Professor Nic Ularu (Obie-winner and recent Grand Prix winner at the Belgrade International Theatre Festival, see article below) has co-designed the postmodern look of the production with first-year design student Billy Love. Lighting Design is by professional NY designer Todd Wren. Second-year MFA Costume Design student Sean Smith is designing the characters’ avant-garde fashions. Sound design is by guest artist Danielle Wilson.
New York Times theatre critic Ben Brantley wrote in 2011 that Lear contains some of the most beautiful and devastating observations ever uttered about the human condition. Hadji-Culea agrees that the story has applications which appeal to a wide range of human experiences.

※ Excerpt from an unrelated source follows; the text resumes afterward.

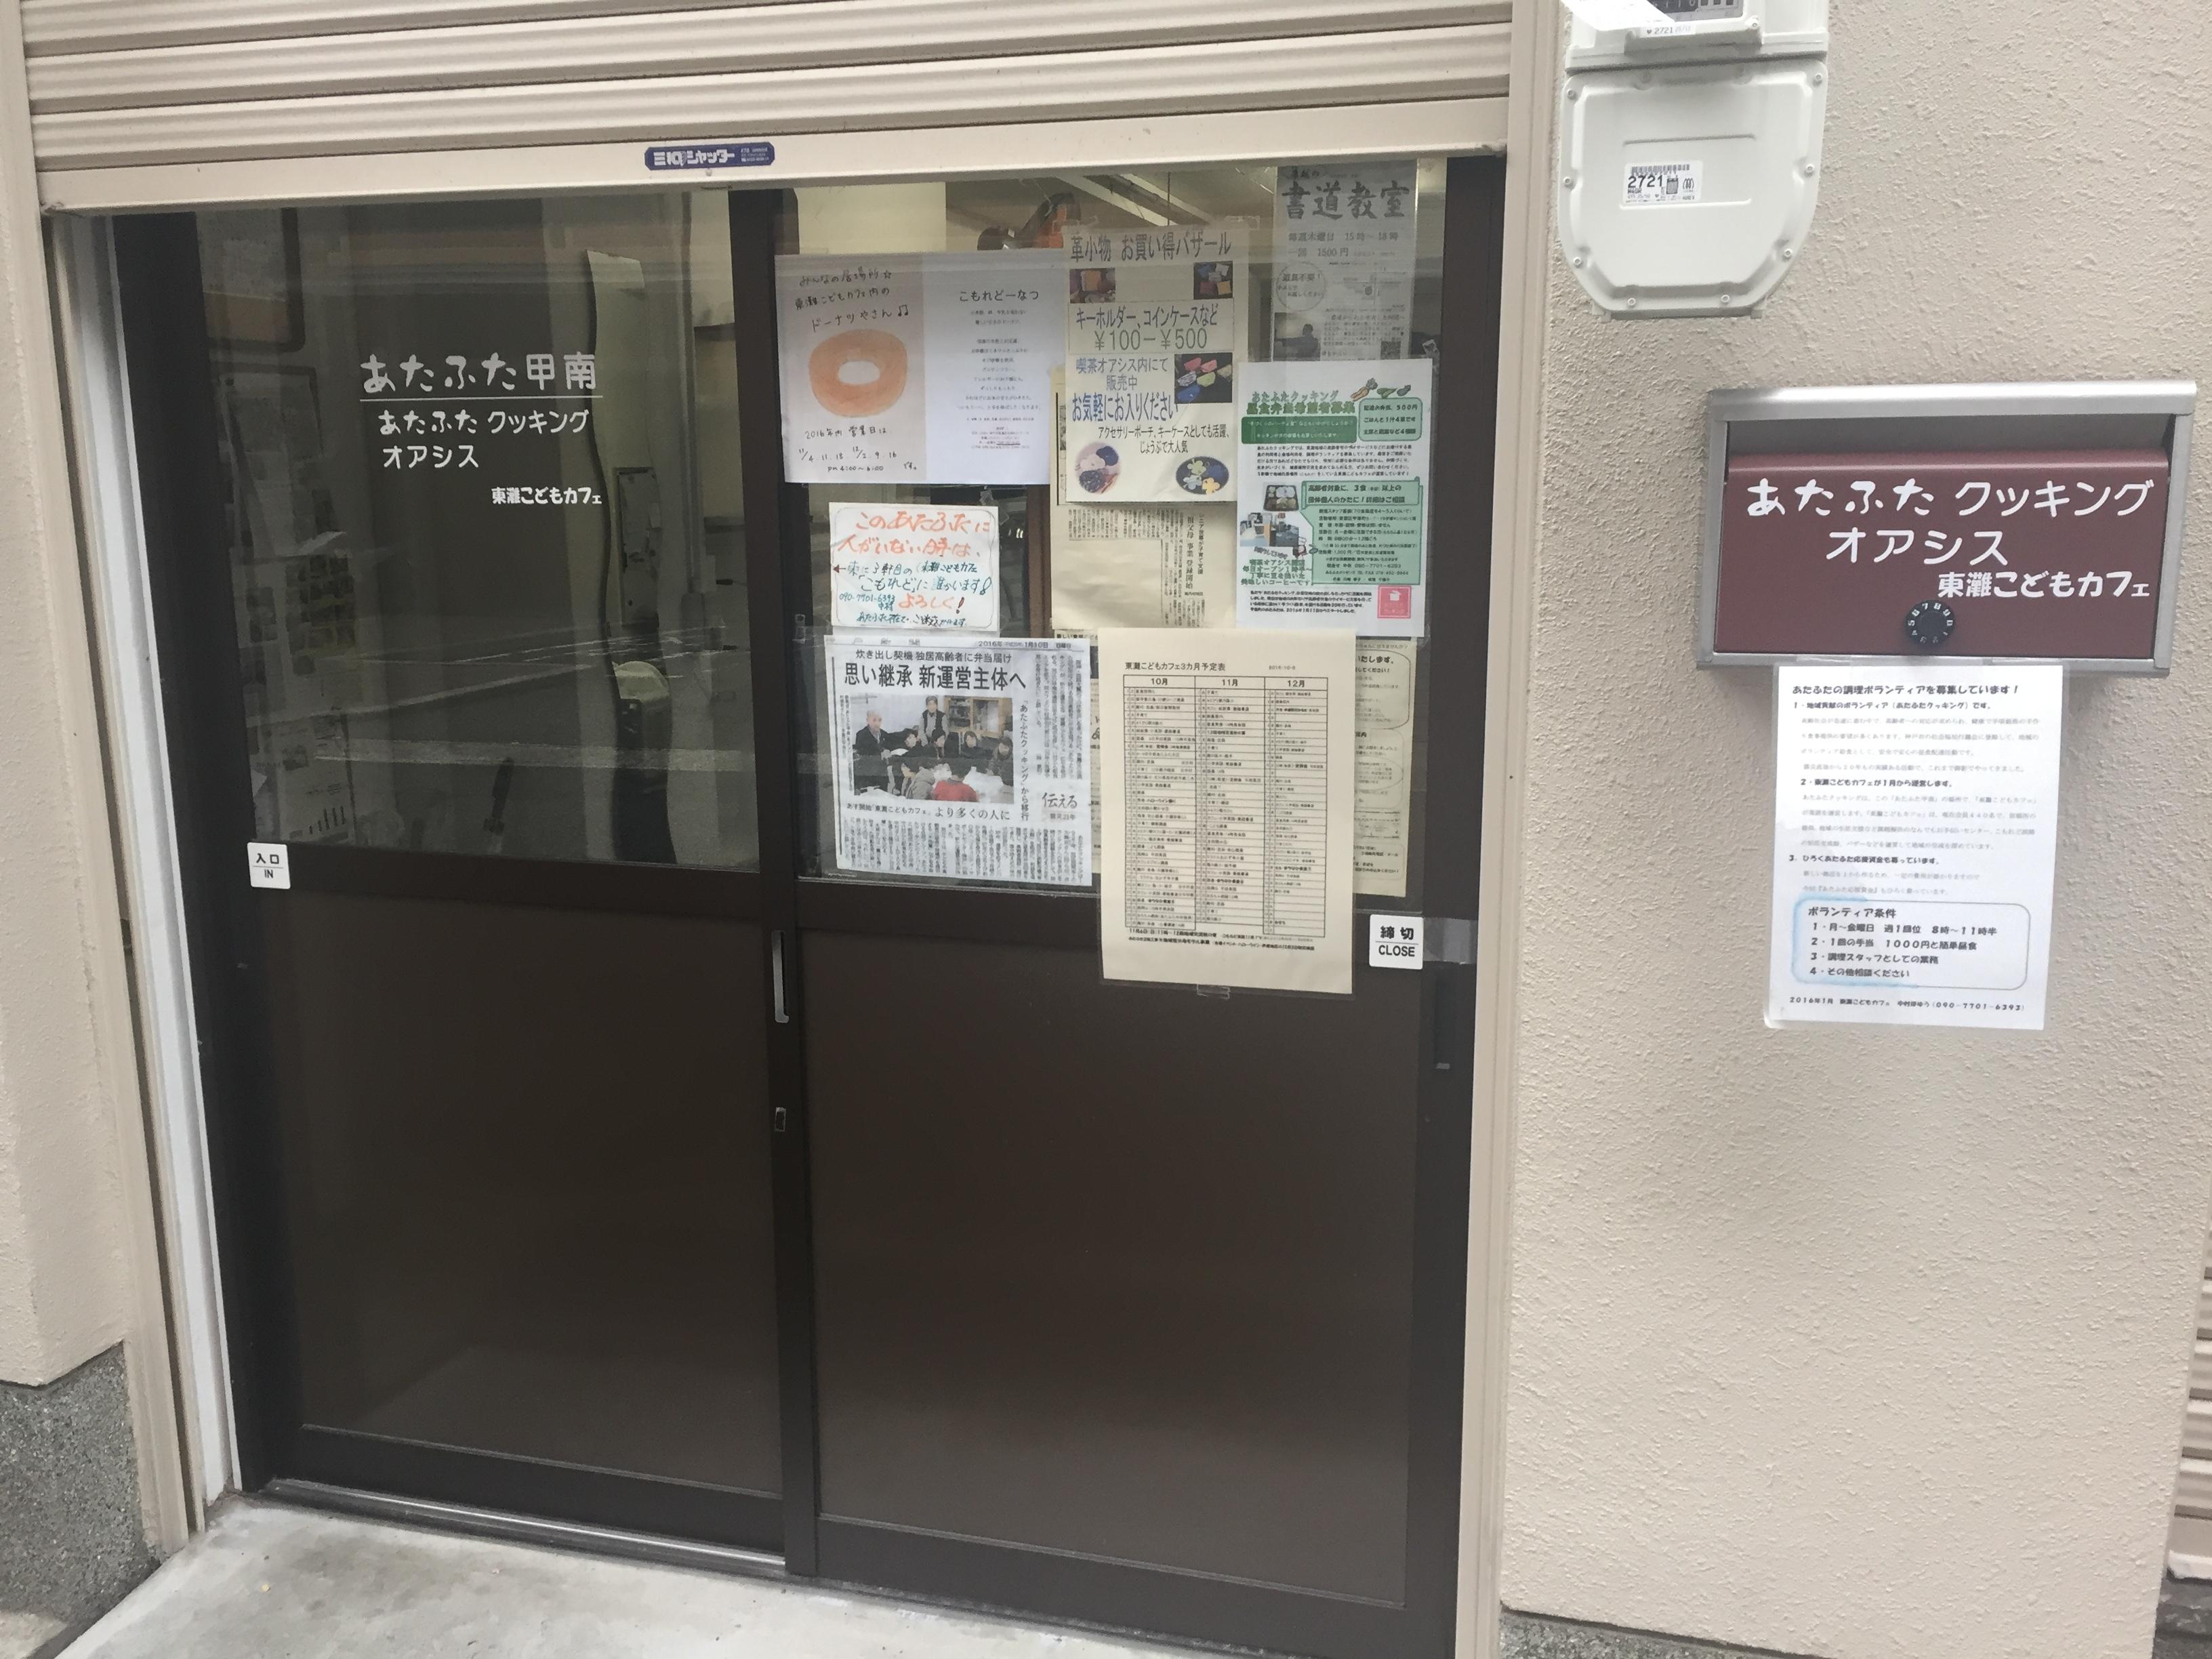 神戸・甲南本通にある「甲南まちなかバー」で親子の食事や情報交換ができるよ(東灘こどもカフェ)

It’s about the generations, it’s about love, it’s about power, it’s about the existence of God. It’s not just about something.
Show times for King Lear are 8pm Wednesdays-Fridays, 7pm Saturdays and 3pm on the first Sunday. There is an additional half-price late night performance on Saturday, April 27 at 11pm. Tickets for the production are $12 for students, $16 for USC faculty/staff, military personnel and seniors 60+, and $18 for the general public. Tickets can be purchased by calling 803-777-2551 or by visiting the Longstreet Theatre box office, which is open Monday-Friday, 12:30pm-5:30pm, beginning Friday, April 12.